Let
- $(E,\mathcal E)$ be a measurable space
- $\mu$ be a probability measure on $(E,\mathcal E)$
- $X_n$ be an $(E,\mathcal E)$-valued random variable for $n\in\mathbb N$
- $\kappa$ be a Markov kernel on $(E,\mathcal E)$
- $p\in[0,1]$
Assume we construct a sequence $(Y_n)_{n\in\mathbb N}$ of $(E,\mathcal E)$-valued random variables in the following way: With probability $p$ we draw $Y_n$ from $\mu$ for all $n\in\mathbb N$ and with probability $1-p$ we draw $Y_n$ from $\kappa(X_n,\;\cdot\;)$ for all $n\in\mathbb N$.
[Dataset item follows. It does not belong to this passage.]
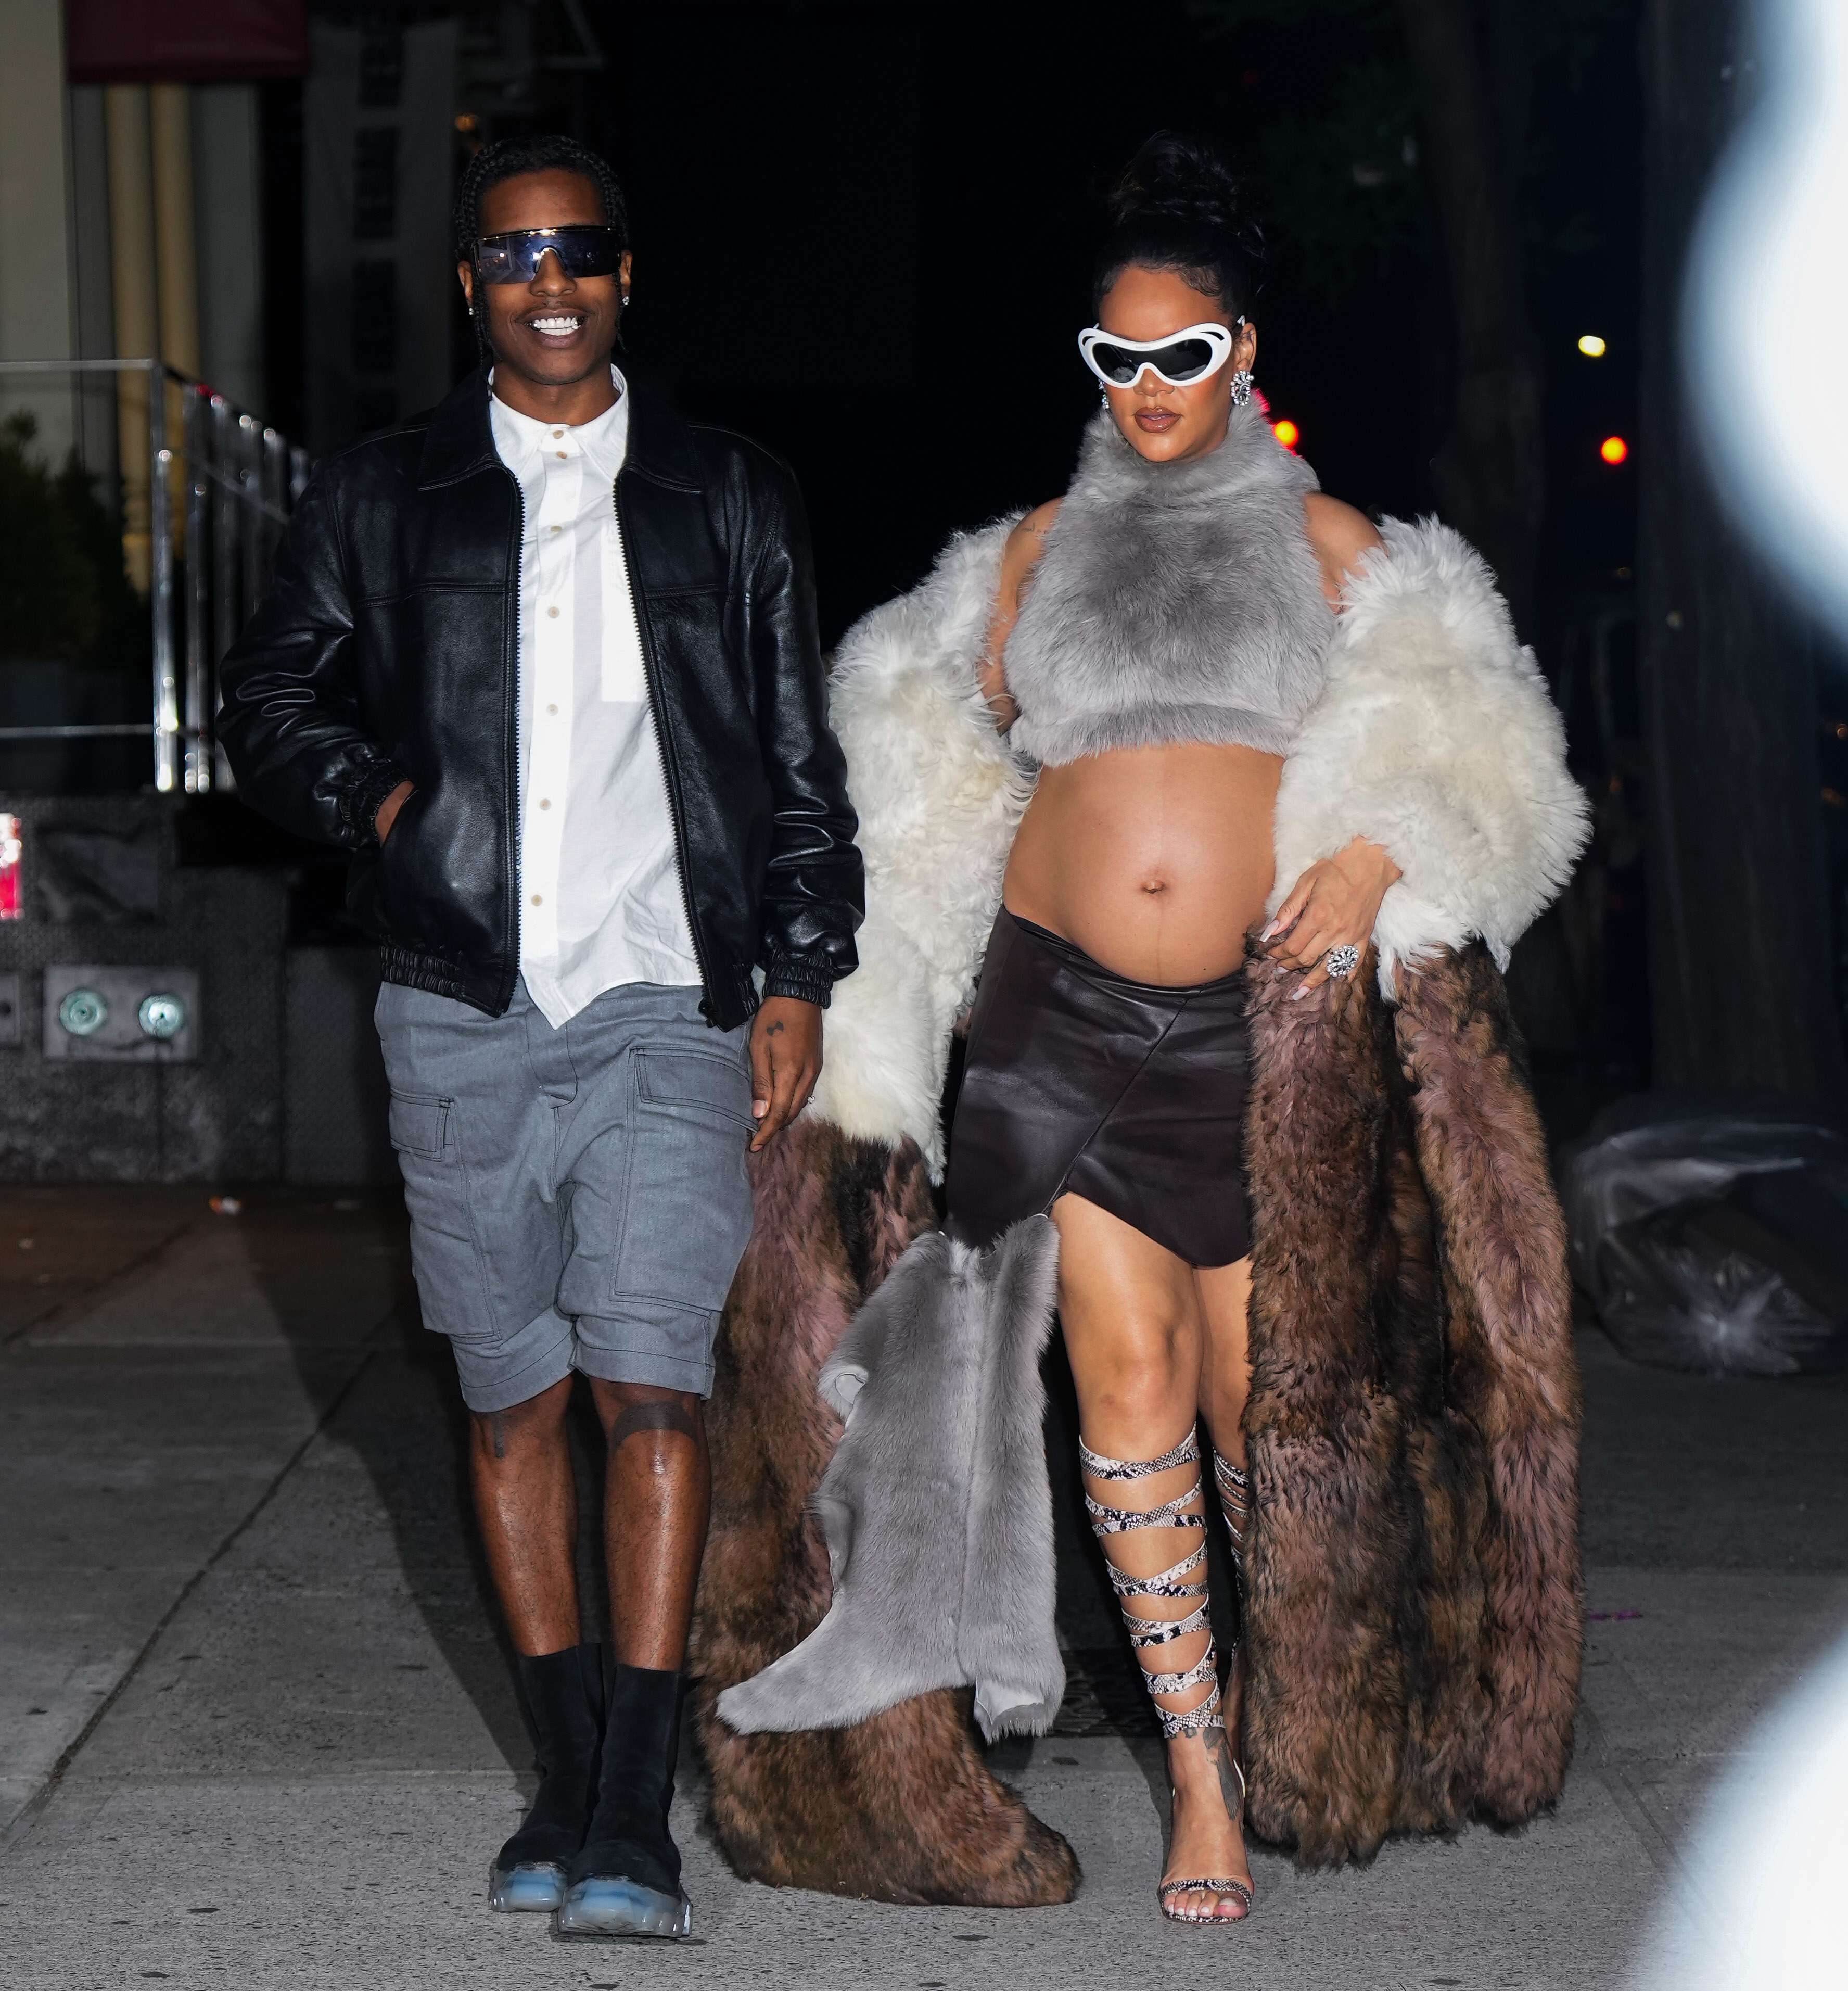 A$AP Rocky and Rihanna walking down the sidewalk at night. Rihanna is wearing a fur crop top and leather skirt with a fur coat. Rocky is wearing a dress shirt, shirts, and a jacket

I'm confused whether $(Y_n)_{n\in\mathbb N}$ given $(X_n)_{n\in\mathbb N}$ is distributed according to $$E^{\mathbb N}\times\mathcal E^{\otimes\mathbb N}\ni(x,B)\mapsto\bigotimes_{n\in\mathbb N}\left(p\mu+(1-p)\kappa(x_n,\;\cdot\;)\right)\tag1$$ or $$E^{\mathbb N}\times\mathcal E^{\otimes\mathbb N}\ni(x,B)\mapsto p\mu^{\otimes\mathbb N}+(1-p)\bigotimes_{n\in\mathbb N}\kappa(x_n,\;\cdot\;).\tag2$$
Intuitively, it should be $(2)$, but formally it actually seems to be $(1)$. What is correct?
Moreover, I'd be interested in the following: If $\mu$ and $\kappa$ admit densities $f$ and $g$ with respect to a common reference measure $\lambda$, do $(1)$ and $(2)$ admit a density with respect to $\lambda^{\otimes\mathbb N}$? The infinite product seems to be problematic. But is there a density at least when we replace the infinite product with a finite one?
You take the product of measures when you have independence, so $(1)$ would be the conditioned law of $(Z_n)_{n\in \mathbb{N}}$ where you draw independtly for each $Z_i$ whether or not they follow the law $\mu$ with probability $p$. The conditioned distribution of your sequence $(Y_n)_{n\in \mathbb{N}}$ would be $(2)$ assuming the $(X_n)_{n\in \mathbb{N}}$ are independent.